Google may have lost the auction, but it’s not necessarily that big a defeat.
If anything significant at all, the news that Verizon Wireless had won the US government-run auction for the 700MHz band of the spectrum may have actually been an ideal outcome for Google.
It gives investors the confidence that Google is sticking to it’s guns, the internet. Not swanning off and dabbling in other markets as others have tried and failed to do.
Yet Google has still been able to profit from the newly available airwaves by ensuring the bids for the “C block” of the available spectrum escalated to $4.6 billion.
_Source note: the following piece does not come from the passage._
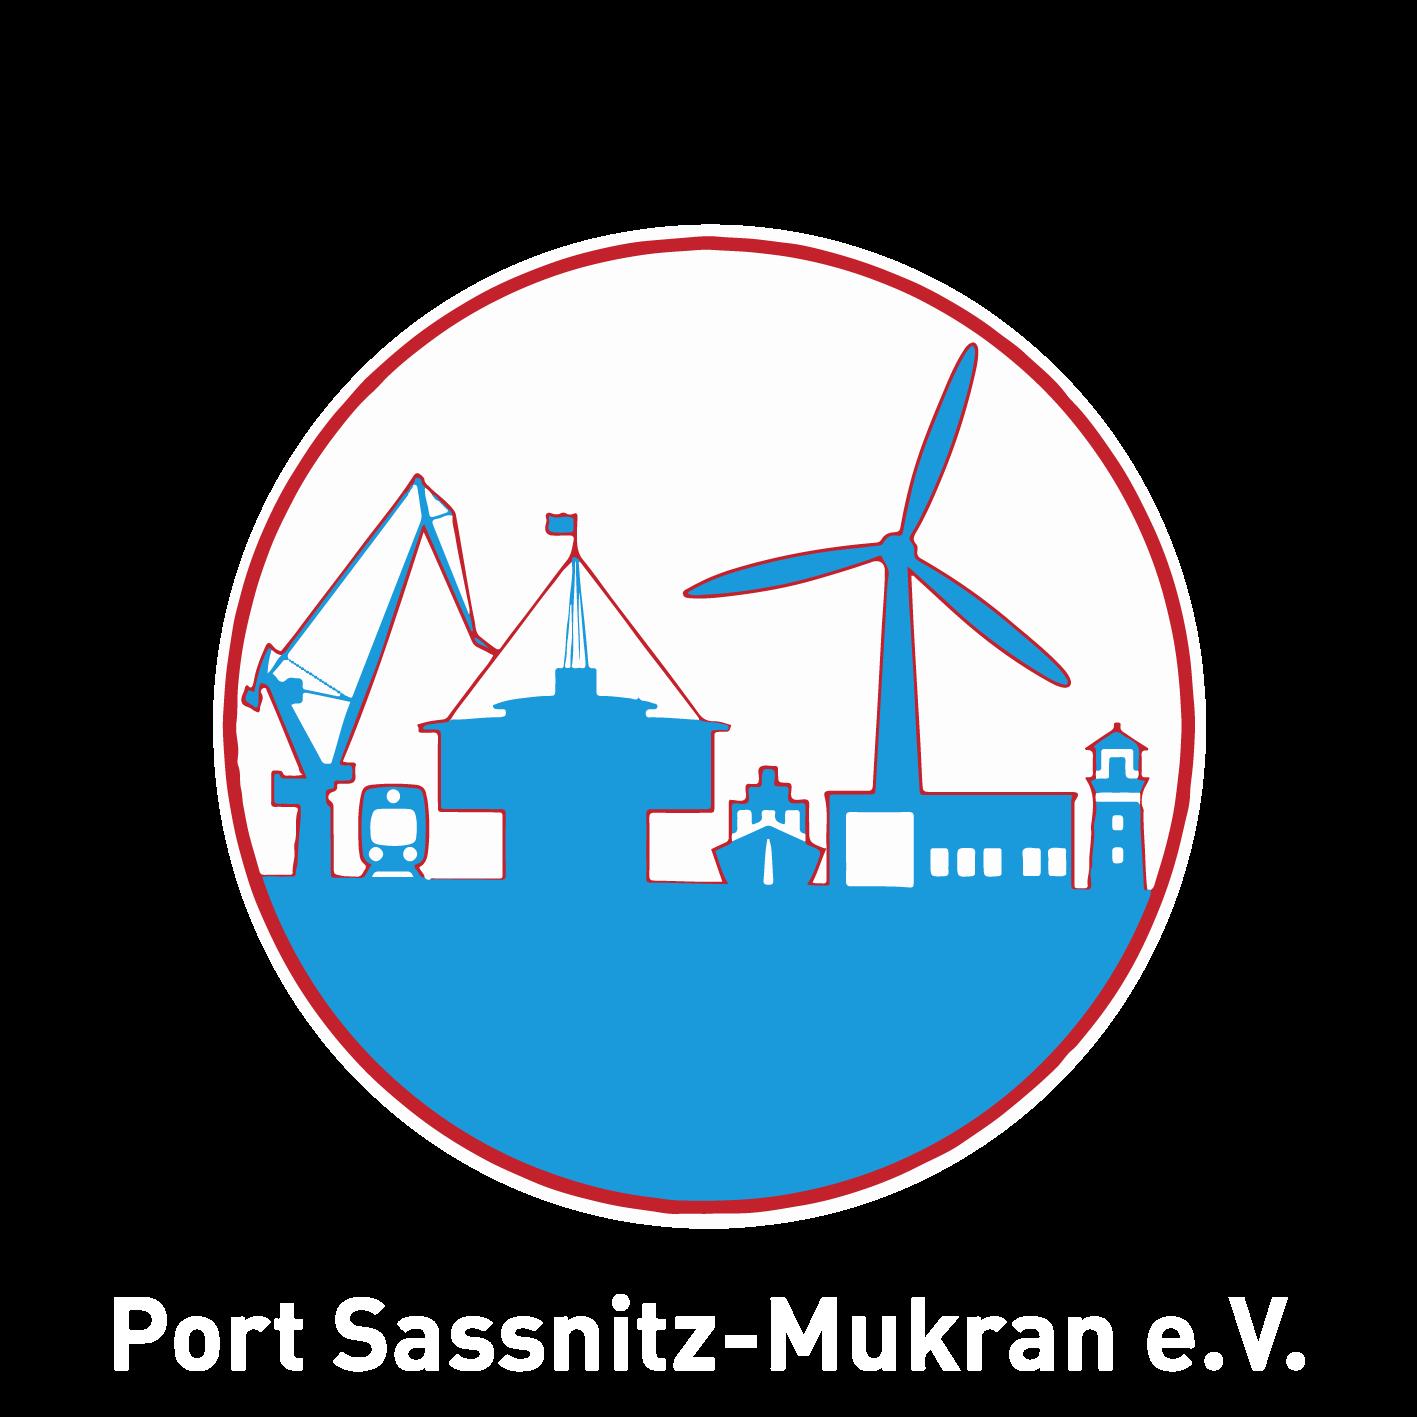 Port Sassnitz-Mukran e.V.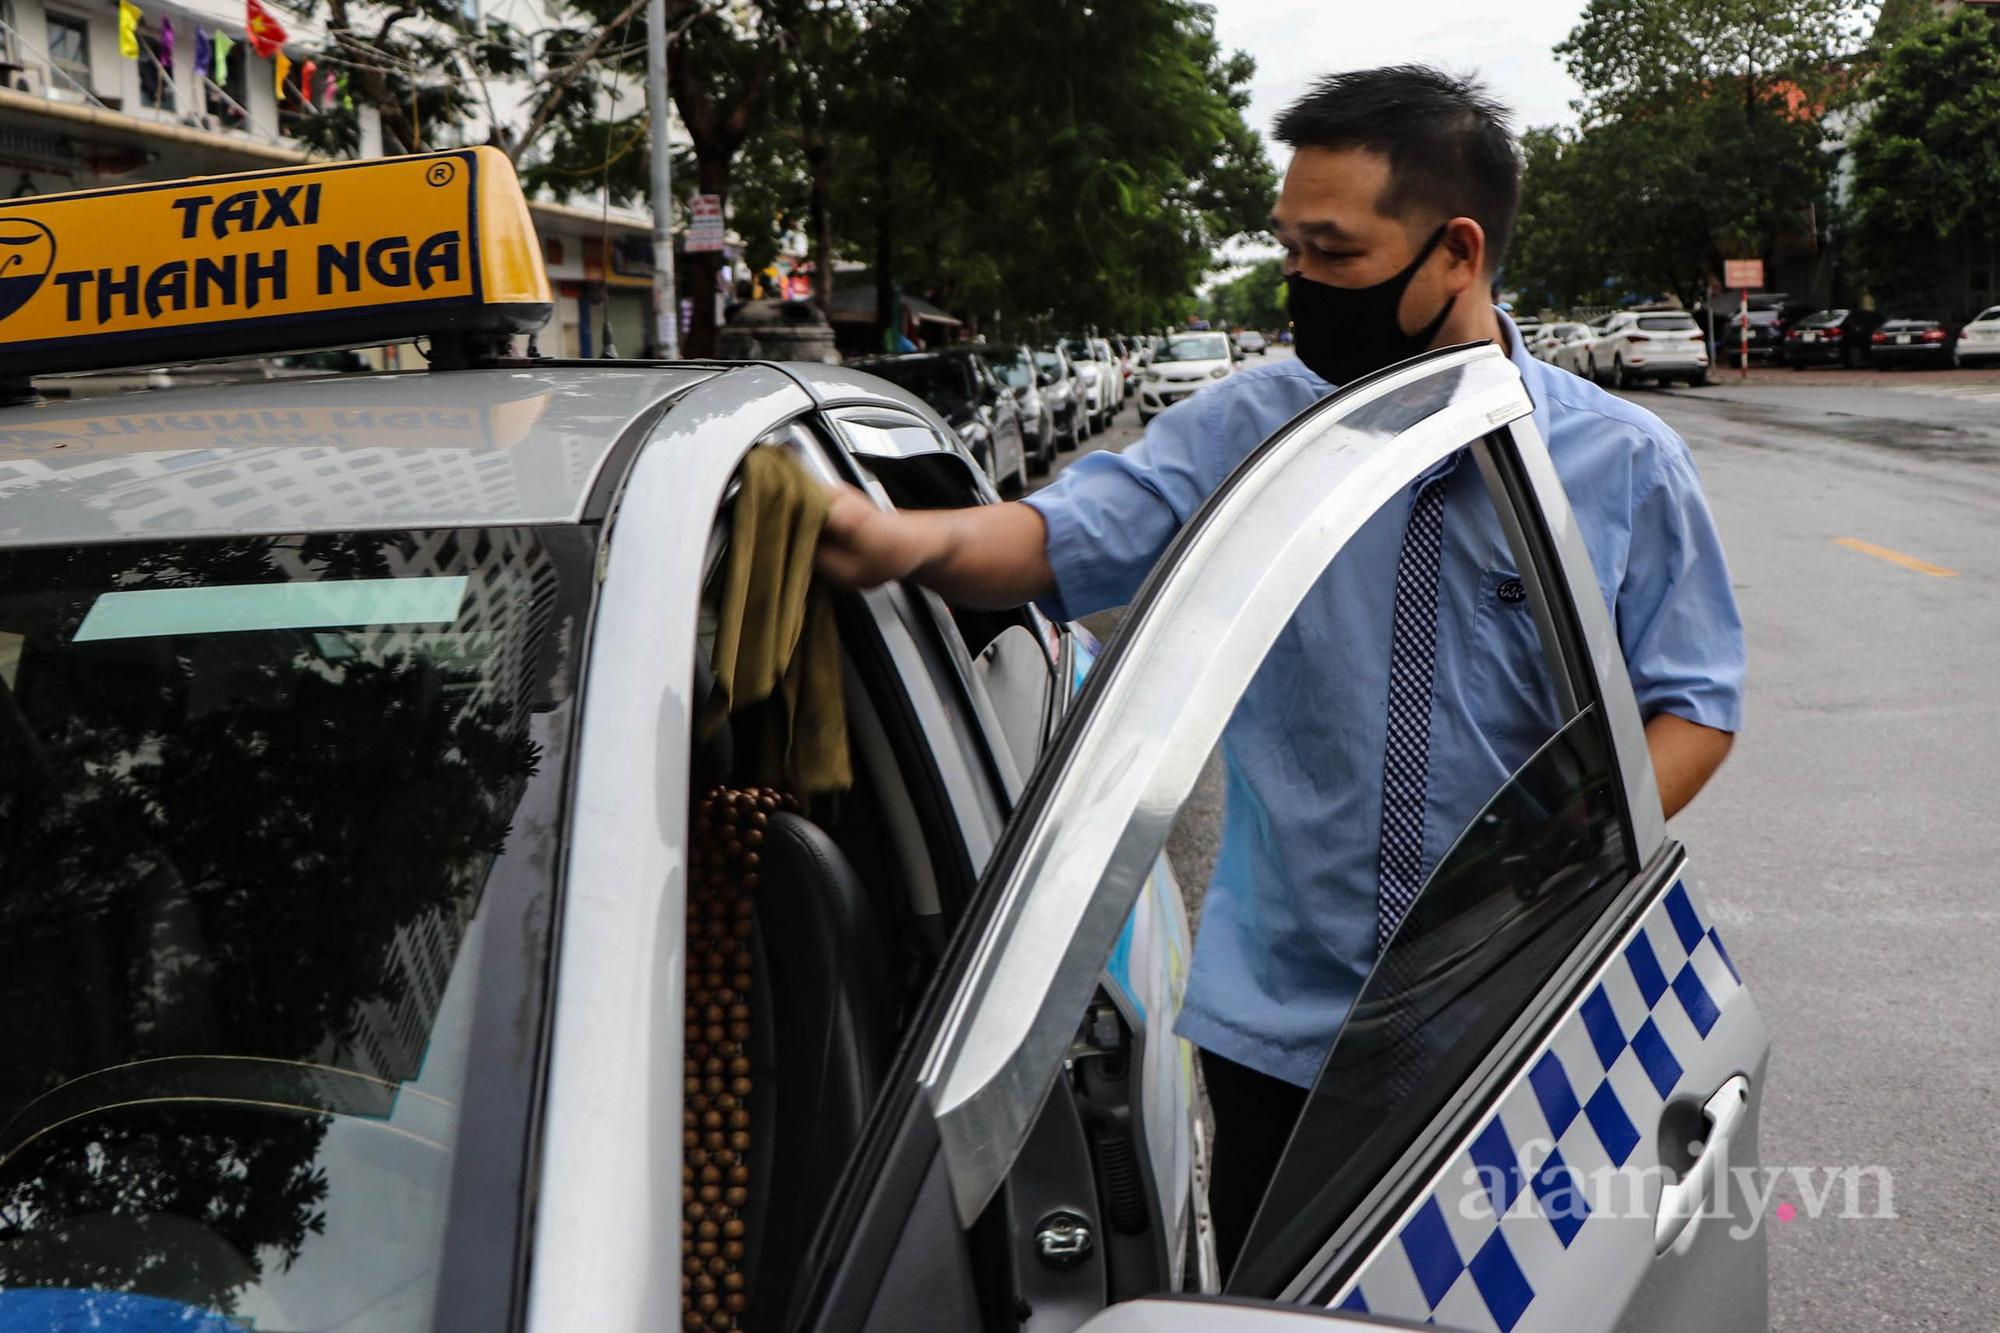 """Tài xế taxi như được sống lại khi được lái xe đi làm: """"Có thể trắng tay trong ngày đầu đi làm nhưng vẫn phấn khởi"""" - Ảnh 3."""

By reaching that price it has triggered a provision that requires the new wireless network to accommodate all mobile devices, including equipment using Google’s anticipated Android platform, allowing them even more scope to distribute advertising onto the mobile internet.
Verizon bid a total of $4.74 billion to win the majority of C block”, which Google hopes will make it easier for consumers to access its search engine and other products on smart phones and other mobile devices.
Google congratulated Verizon, describing the outcome as a consumer victory. “Consumers soon should begin enjoying new, Internet-like freedom to get the most out of their mobile phones and other wireless devices,” wrote Google lawyers Whitt and Faber.
“Google has plenty of other things on its plate right now,” said analyst Marianne Wolk of the Susquehanna Financial Group. “This (wireless network) would have been a ‘nice-to-have,” but it’s certainly not a must have.”
Whilst you could be forgiven for thinking that the mobile advertising market is pretty minute at the moment there are growing signs that it will grow to disproportionate sizes. The success of the revolutionary iPhone has already outgrown most analysts expectations and with Microsoft’s takeover of Google-rival Yahoo looming, we can expect more of this news to come.